The present disclosure relates to a passenger seat, or “seating unit,” such as an aircraft passenger seat, with a dynamic breakover assembly.
Aircraft passenger seats must be designed and constructed according to government regulations and aircraft manufacturer specifications. Virtually every aspect of seat design is thus constrained by requirements imposed by safety, weight and cost considerations. Within these limits the seat must also be aesthetically pleasing, comfortable to a seated passenger, and functional for the passenger as well as airline maintenance, repair and cleaning crews.
Regulatory requirements for aircraft components in the US are based on Title 14 of the Code of Federal Regulations (CFR) Part 25, which sets out standards for aircraft airworthiness.

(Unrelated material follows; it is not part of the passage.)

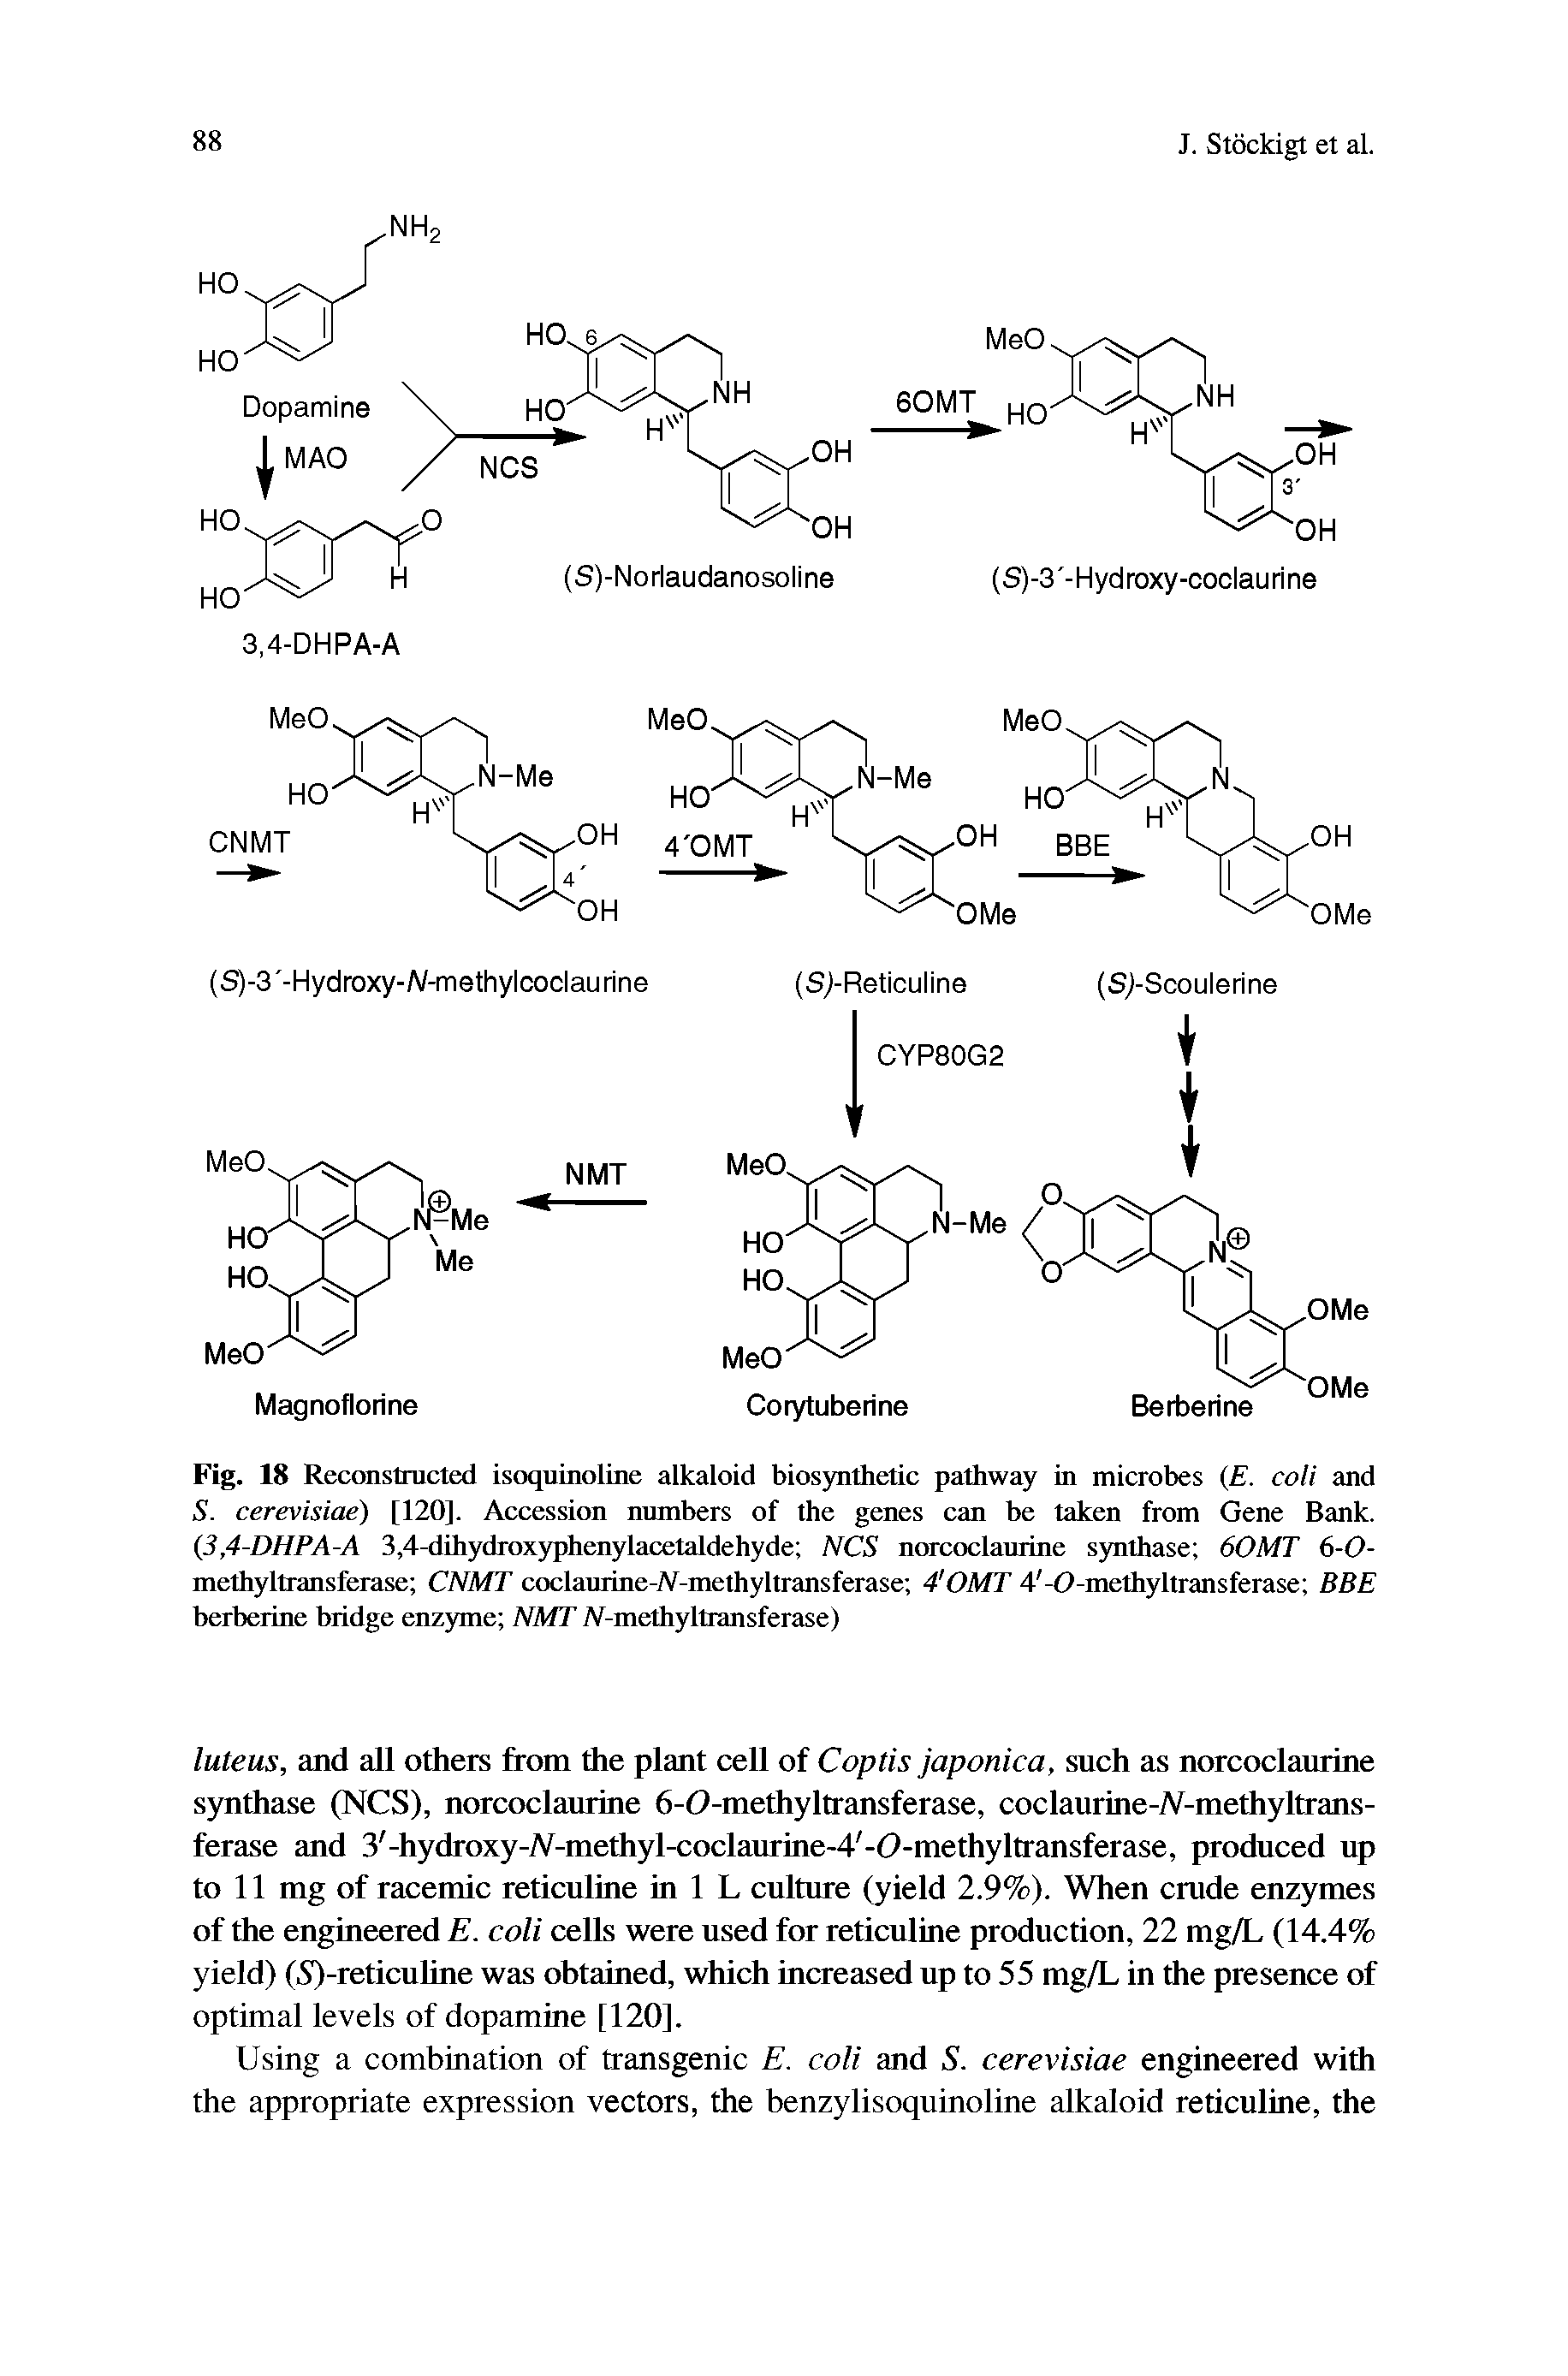 Fig. 18 Reconstructed isoquinoline alkaloid biosynthetic pathway in microbes (E. coli and S. cerevisiae) [120]. Accession numbers of the genes can be taken from Gene Bank. C3,4-DHPA-A 3,4-dihydroxyphenylacetaldehyde NCS norcoclaurine synthase 60MT 6-0-methyltransferase CNMT coclaurine-/V-mcthyltransferase 4 OMT 4 -0-methyltransferase BBE berberine bridge enzyme NMT /V-methyltransferase)...

For aircraft passenger seats, sections 25.561 and 25.562 of Title 14 specify requirements for seat structures that may give passengers a reasonable chance of escaping serious injury in a minor crash landing situation.
Main cabin or “coach” class seats are typically constructed with a seat bottom frame (bottom chassis) formed from two or more leg modules and section assembly modules joined together by several beam elements that connect the leg modules and section assembly modules in spaced-apart relation to each other, and collectively form a so-called “ladder frame assembly.” A seat bottom unit is mounted on the ladder frame assembly. The seat bottom unit is usually stationary. A seat back unit is typically pivotally-mounted between two of the section assembly modules so that the angle of the seat back unit can be controlled for comfort, safety and passenger ingress and egress past the rear of the seat. Because of the relatively short pitch between rows of seats, the normal range of movement of the seat back unit is relatively small. The degree of rearward, recline movement is constrained by the position of the rearward row of seats and the requirement to leave the passenger seated behind a particular seat with sufficient room to enter and exit his or her own seat and use the meal tray. The degree of forward movement of the seat back unit is typically limited to a position where the seat back is in a “full upright” position for take-off and landings, and for meal service.
Passenger seats are typically designed whereby the seat back will not move beyond these positions under normal circumstances (including abuse loads). However, provision must also be made for the abnormal situation where severe G-force loads may propel a passenger forward toward the seat back directly in front of them. In such cases, the seat back must be allowed to fold over (breakover) the seat bottom in a controlled manner in order to minimize or reduce injury to a passenger who may be thrown against the seat back during an emergency deceleration (high G-force) event.
For aircraft passenger seats, 14 CFR § 25.562 requires that for a high G-force event (16 Gs), where head contact with seats or other structures may occur, some type of protection must be provided so that the so-called “Head Injury Criterion” (HIC) does not exceed 1000 units. 14 CFR 25.785 has a primary goal of protecting occupants from serious injury during landing condition, including injurious interactions of the head and neck (ref ANM-115-17-002). Conventional methods to generate a low HIC score typically involve either spacing passenger seats far enough apart so that a passenger's head will not make contact with the seat in front of him or her (severely limiting options for seating arrangements which increase the number of seats within the cabin), or building a breakover mechanism into the seat back. In breakover mechanism designs, breakover may occur when a passenger impacts the fore seatback using a force capable of breaking a weak or sacrificial component (e.g., breakable bushing part, shear pin, etc.), which was purposely built into the seat structure, allowing the seat back to begin to tilt forward upon impact. The movement of the seat back in response to a passenger impact may dissipate energy and lower the HIC score. However, these breakover mechanisms can also impact neck injury potential. For example, a reduction in HIC score may not always translate to a reduction of neck injury potential and can even increase the neck injury potential. Therefore, a proper balance in breakover design must be achieved in order to satisfy both requirements. In addition to the HIC score and neck injury potential, damage done to the seat back during a high G-force event must not prevent passenger egress or harm the passengers after an event. For example, the seat must stay largely intact and no sharp edges may occur. Furthermore, in some passenger seat configurations, there may also be neck injury criteria. As described above, the prior art breakover mechanisms typically require a passenger to make contact with the seat back to initiate the breakover.